__What to do__. Every line from the one with "Earrings with tassels and beads" to the end of the listing, and nothing else, is to be printed exactly; please leave the pictures out.
┌─ The data
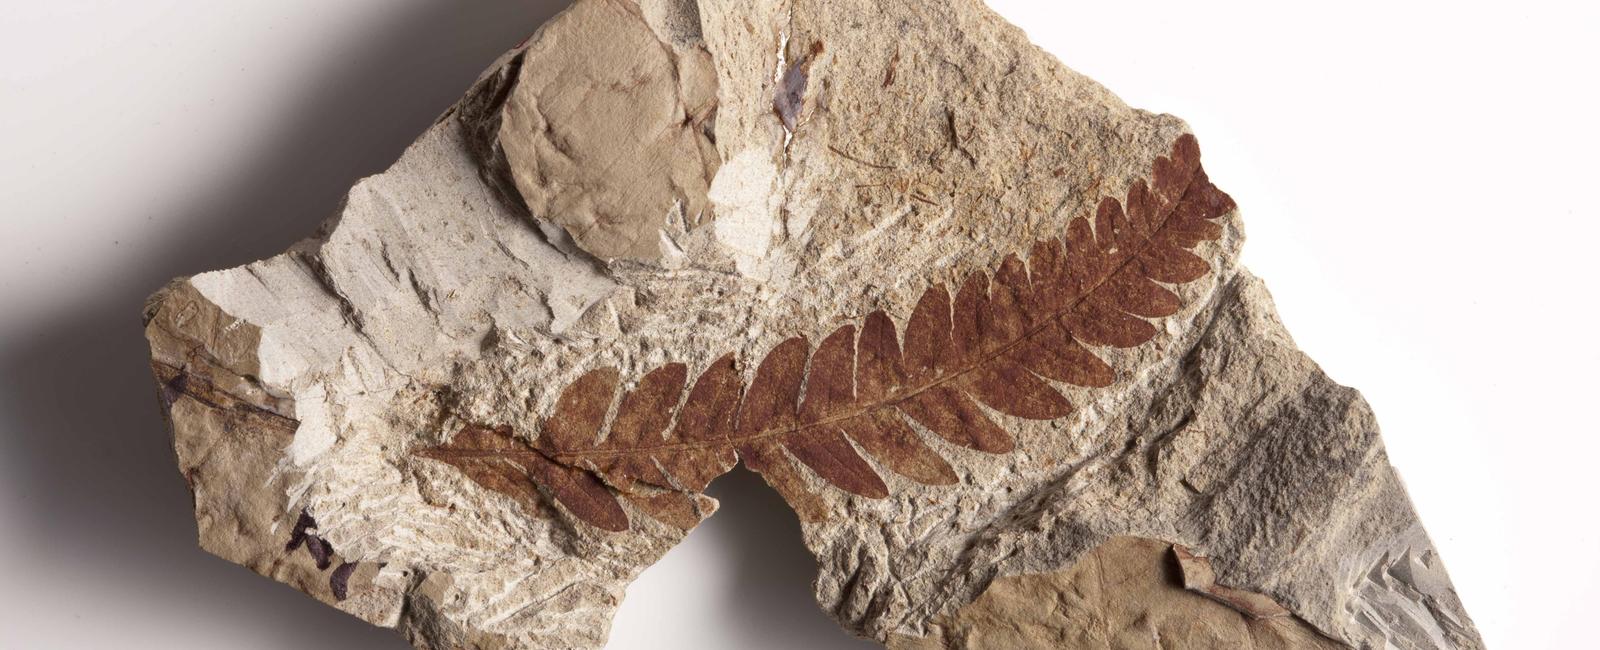 Scientists have found fossilized plants about a mile under the ice sheets of greenland the leaves moss and twigs have stayed frozen for at least the last million years
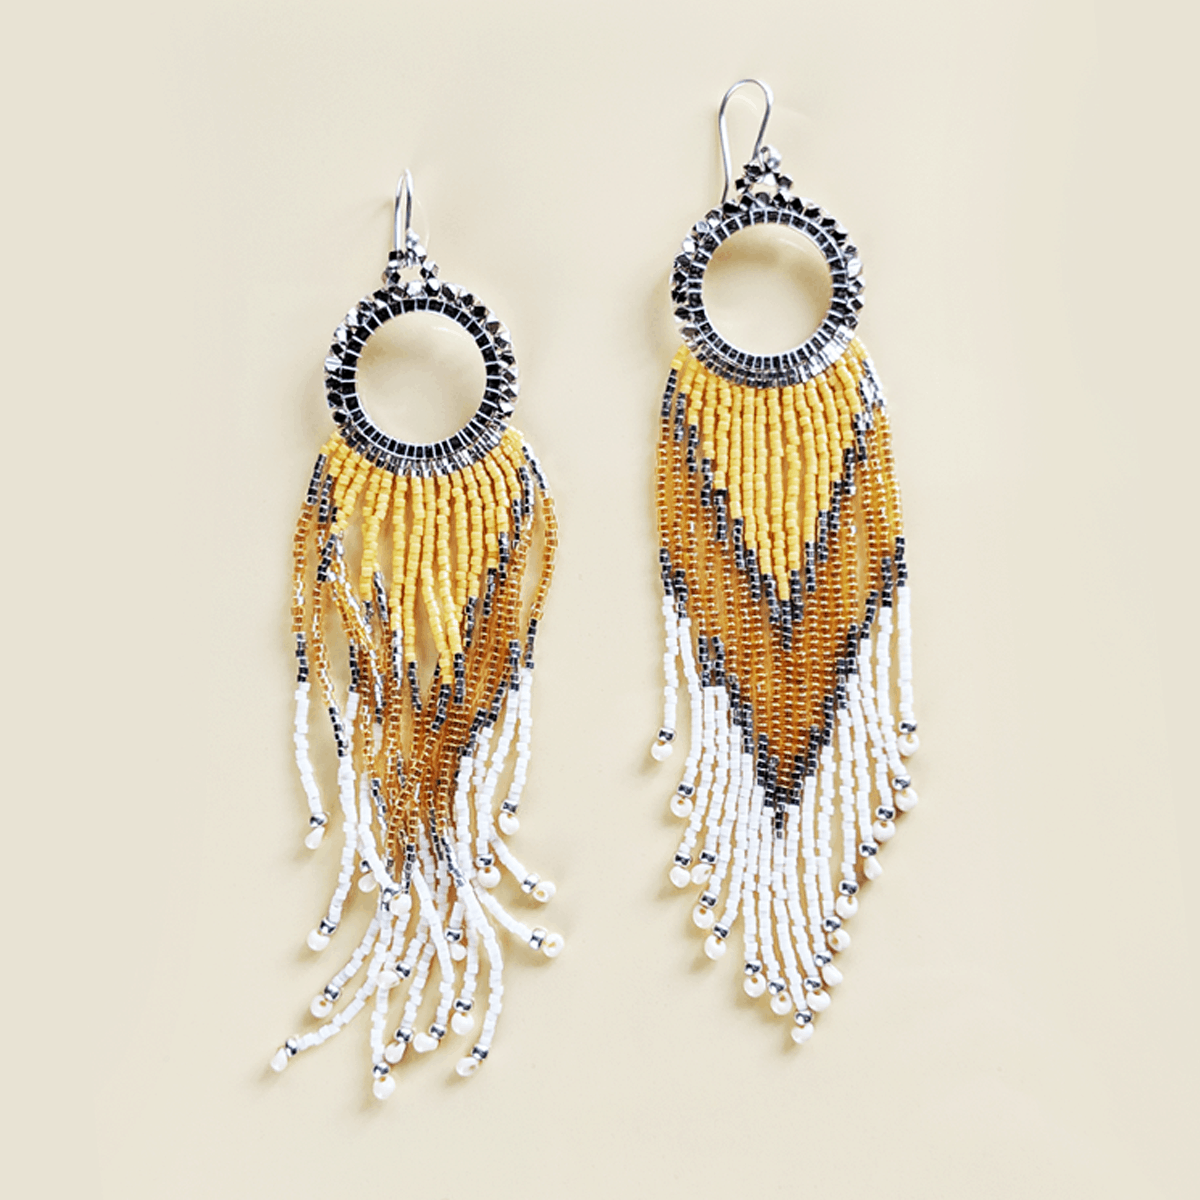 Earrings with tassels and beads
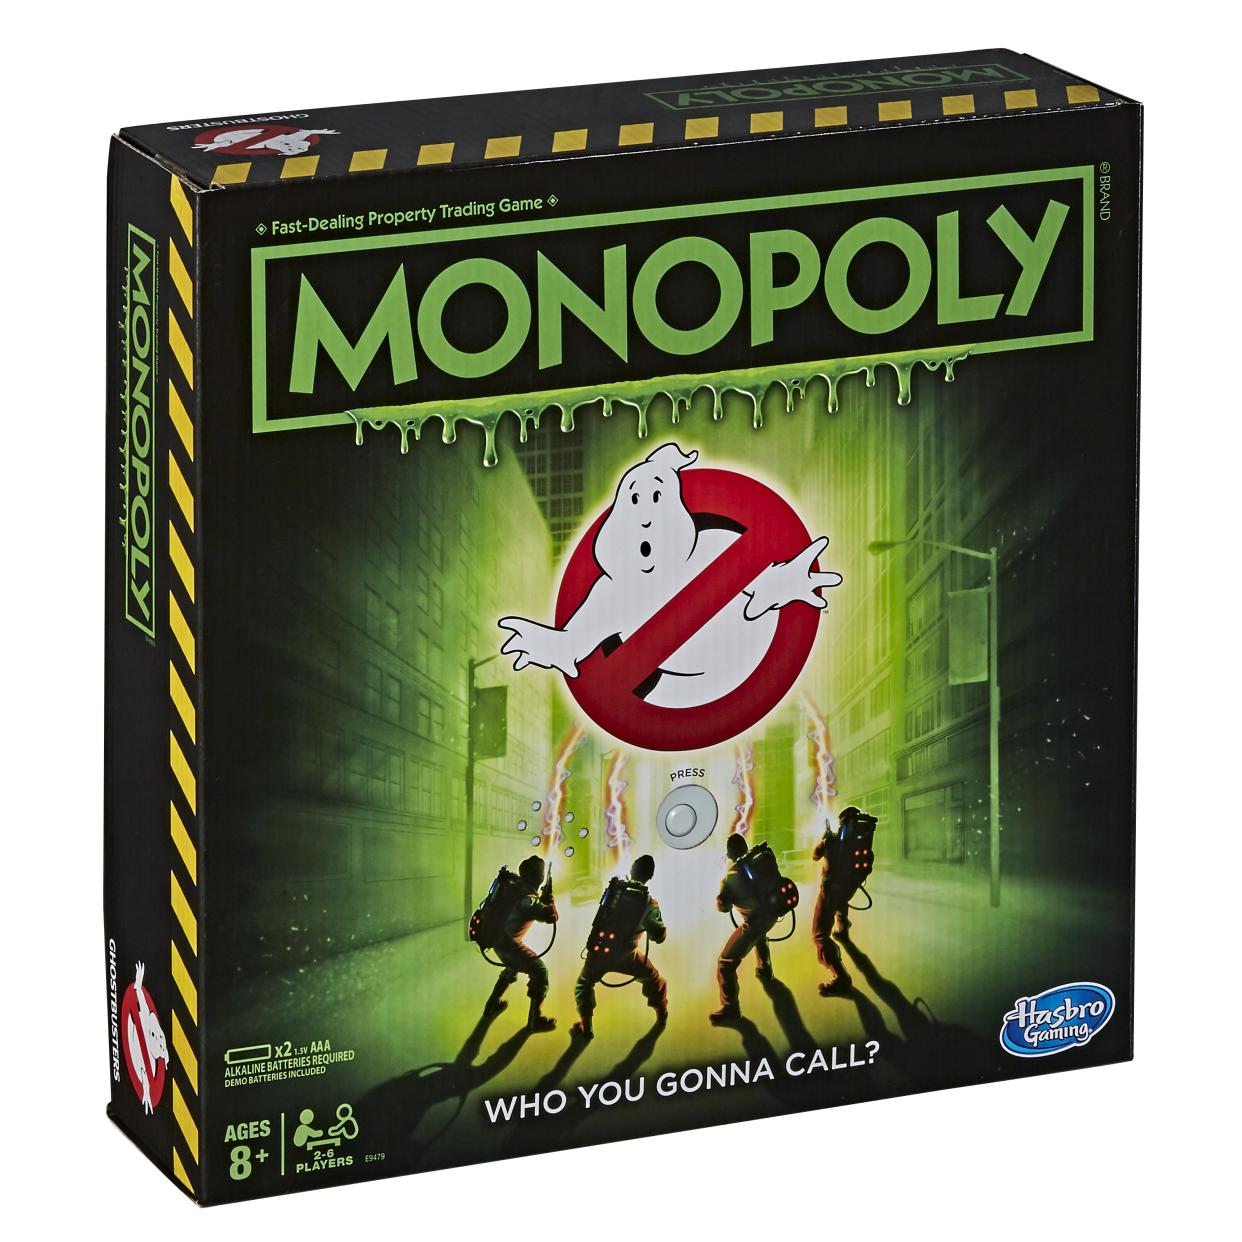 'Monopoly: Ghostbusters Edition' brings the ghostbusting home (Photo: Hasbro)
└─
__Answer box__.
 Earrings with tassels and beads
 'Monopoly: Ghostbusters Edition' brings the ghostbusting home (Photo: Hasbro)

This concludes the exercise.